Едва эльфы попытались сунуться в двери борделя, как оттуда выскочил низенький бедин с редкой куцей бородкой, который, улыбаясь во весь рот и мелко-мелко тряся головой, принялся что-то радостно втолковывать эльфам.

— Бальфур, — с холодной надменностью, снисходя до попыток мужичка схватить его за руку и потянуть в сторону дверей, произнёс лорд Каэльдар. — Скажи ему, что я хочу чёрненькую!

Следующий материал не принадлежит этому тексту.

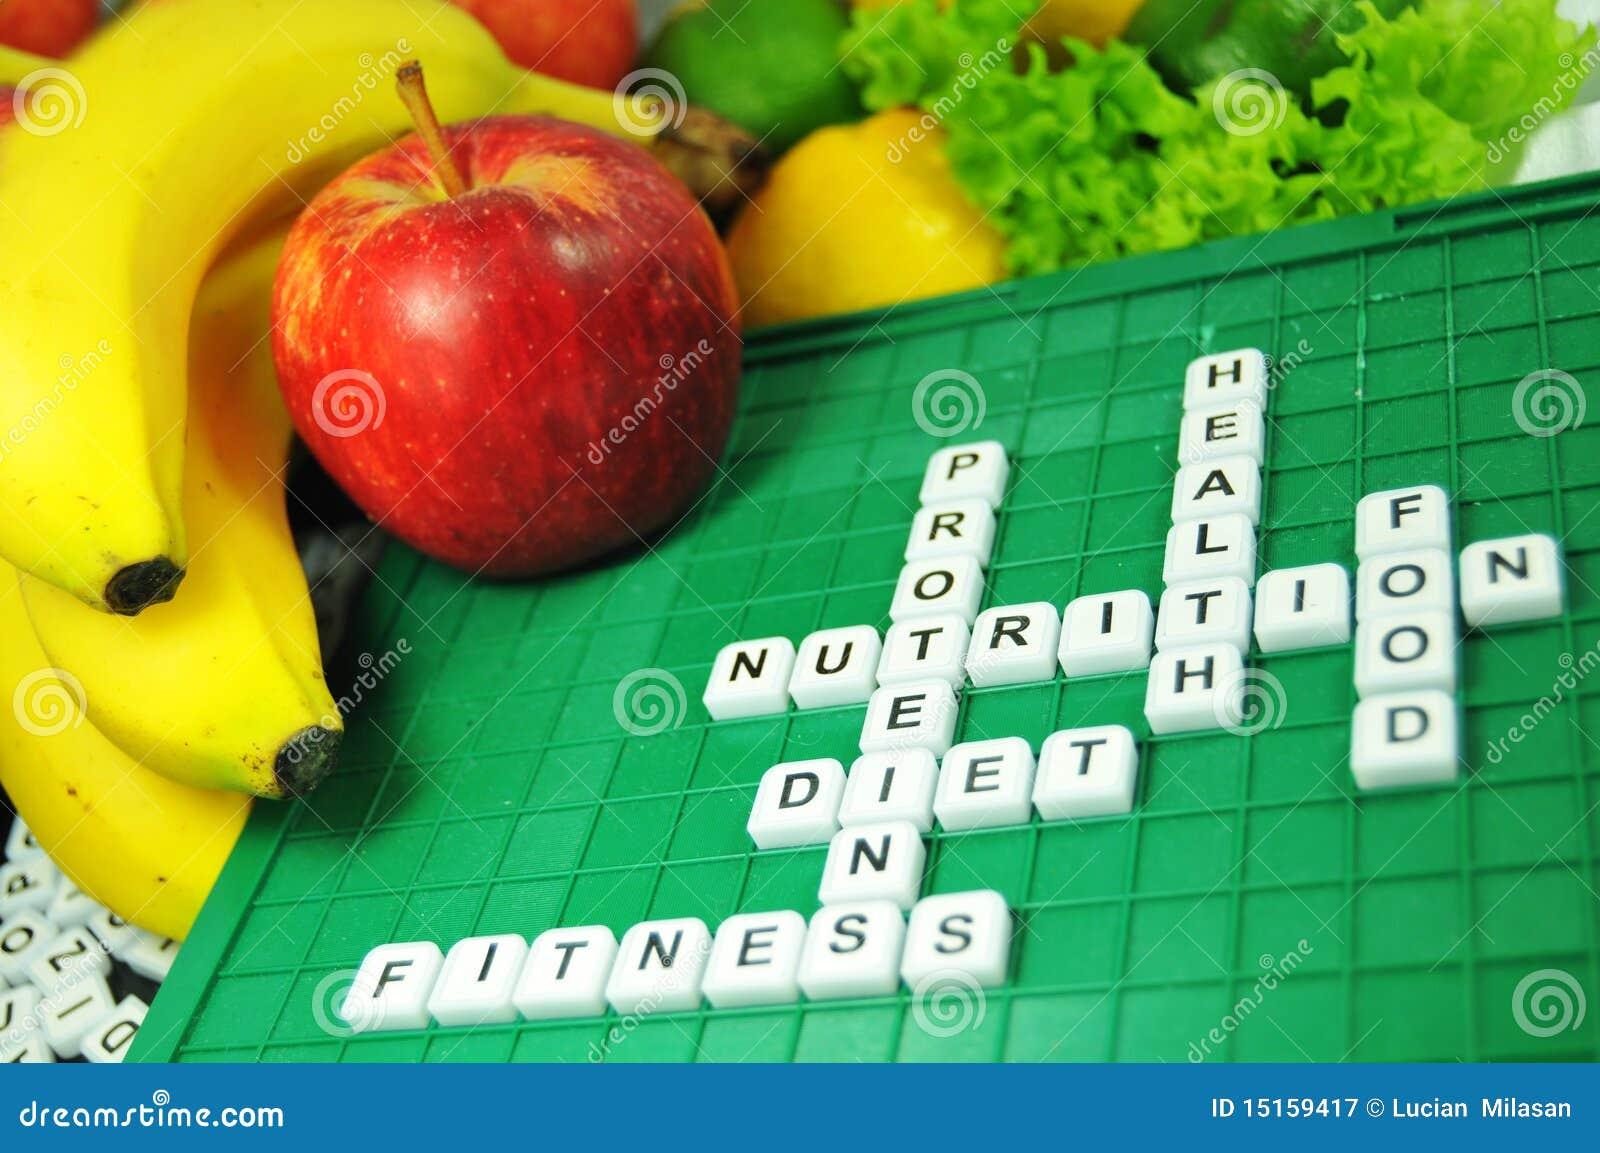 nutrition stock image image of loss lemons letter 15159417
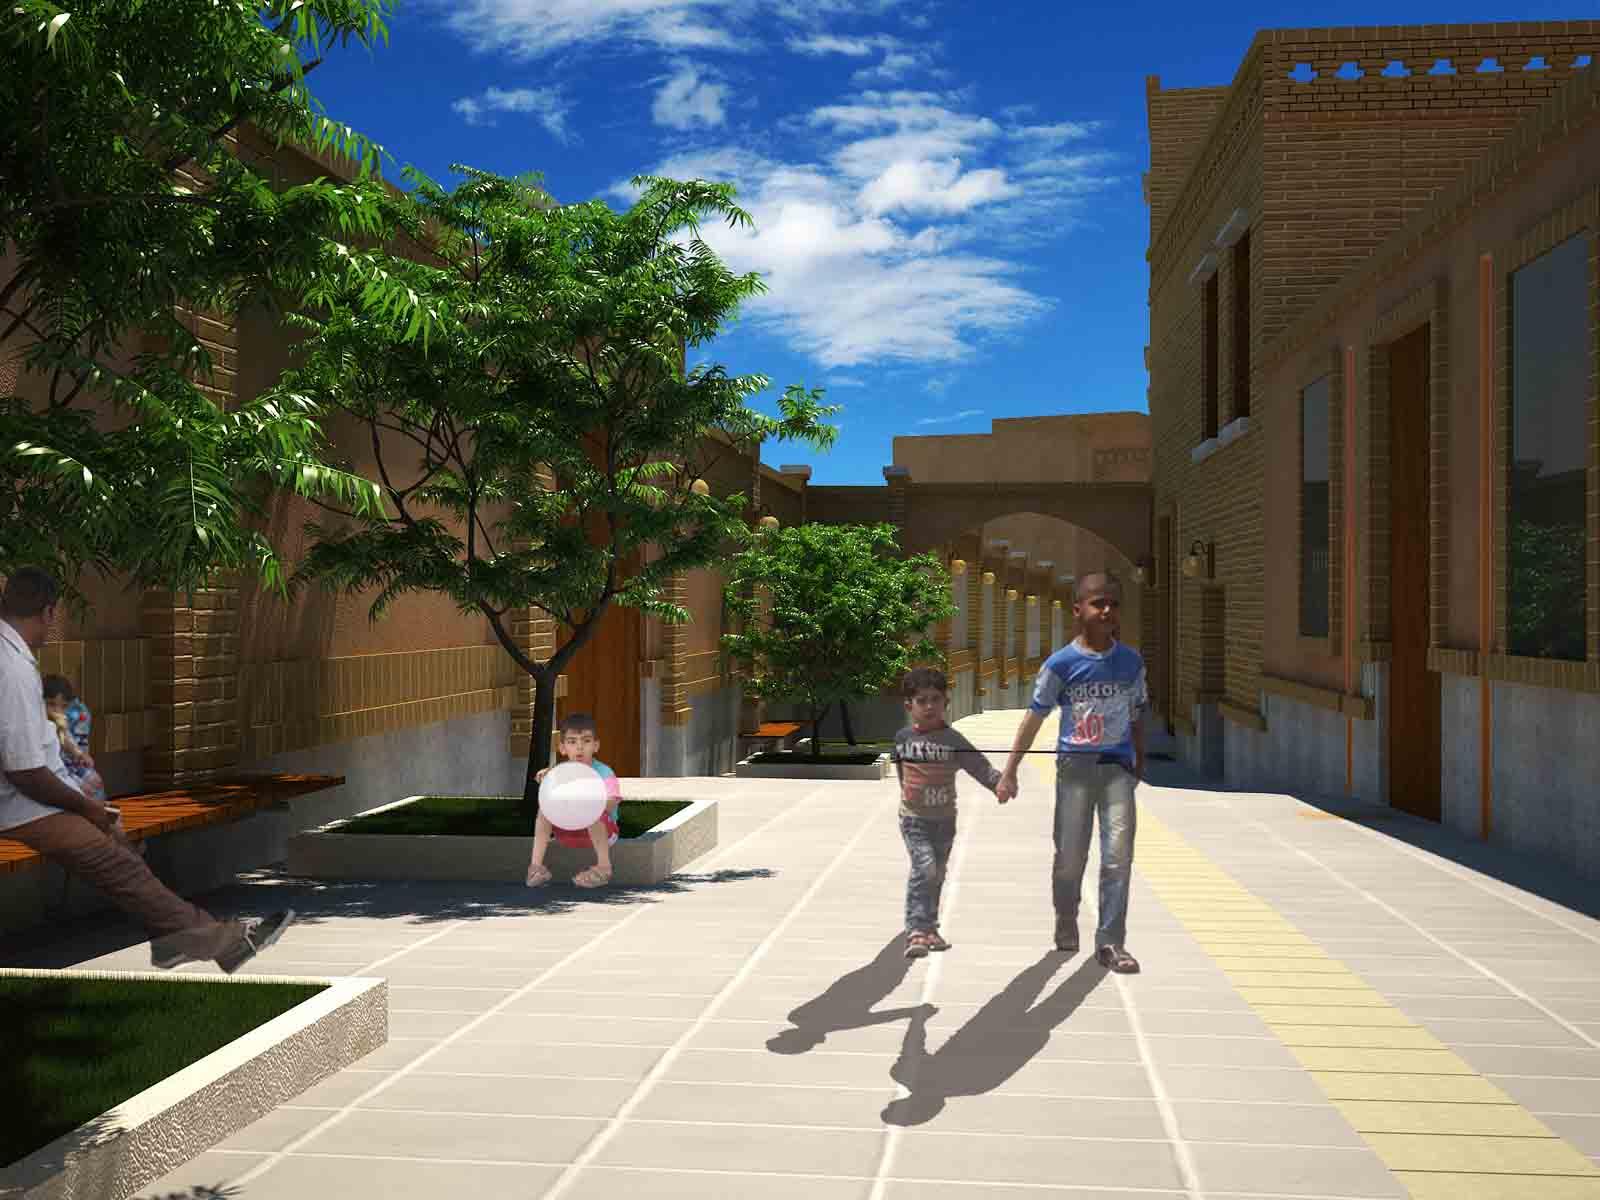 طرح پیادهراههای بافت تاریخی سمنان

Бедин настороженно замолк, остановившись и внимательно слушая говорящего Бальфура. Когда же общий смысл желаний лорда Каэльдара до него дошёл, он неожиданно замахал толстыми ручками, яростно жестикулируя, зашумел на своём тарабарском наречии, отчего Феранор, безо всякого перевода, совершенно ясно понял, что девок им здесь не дадут. Понял это и Каэльдар.

— Что этот надутый бурдюк с навозом нам говорит? Он что-то пытается нам запретить?!

— Он говорит, что в его заведении нет куртизанок. — послушно перевёл варварские «ыр-быры» Бальфур. — Он говорит, что это какие-то… купальни…

— Как это нет?! А… а указатель?! — возмущённо воскликнул Каэльдар, под указателем имея в виду барельеф на плитке мостовой в виде известного мужского органа, указывающего на домик с балдахином.

Уже гораздо позже, пожив в Атраване какое-то время, Феранор узнал, что этот указатель означает просто «мужские купальни», но это будет потом, а пока он отвернулся в сторону, пряча насмешливую улыбку. Увидеть, как сползает с лица «единорога» его надменная маска, сменяясь выражением из смеси обиды, разочарования и удивления — стоило многого. Пару минут Феранор честно вслушивался в чужие и непонятные ему слова, пытаясь по интонации бедина и разговаривающего с ним Бальфура, определить ход спора, но варварский говор оказался слишком мучительным для эльфийских ушей. Поняв, что его голова вот-вот лопнет, Феранор отошёл на несколько шагов от своих спутников, вдыхая полной грудью, медленно остывающий от дневного зноя, вечерний воздух.

— Хей, — тонкая загорелая ладонь легла на запястье эльдара. — Яксыки, кид инкэ ас-дхари? Бень-ал-мра! (Эй, красавчик, ищешь себе райскую деву? Возьми меня!)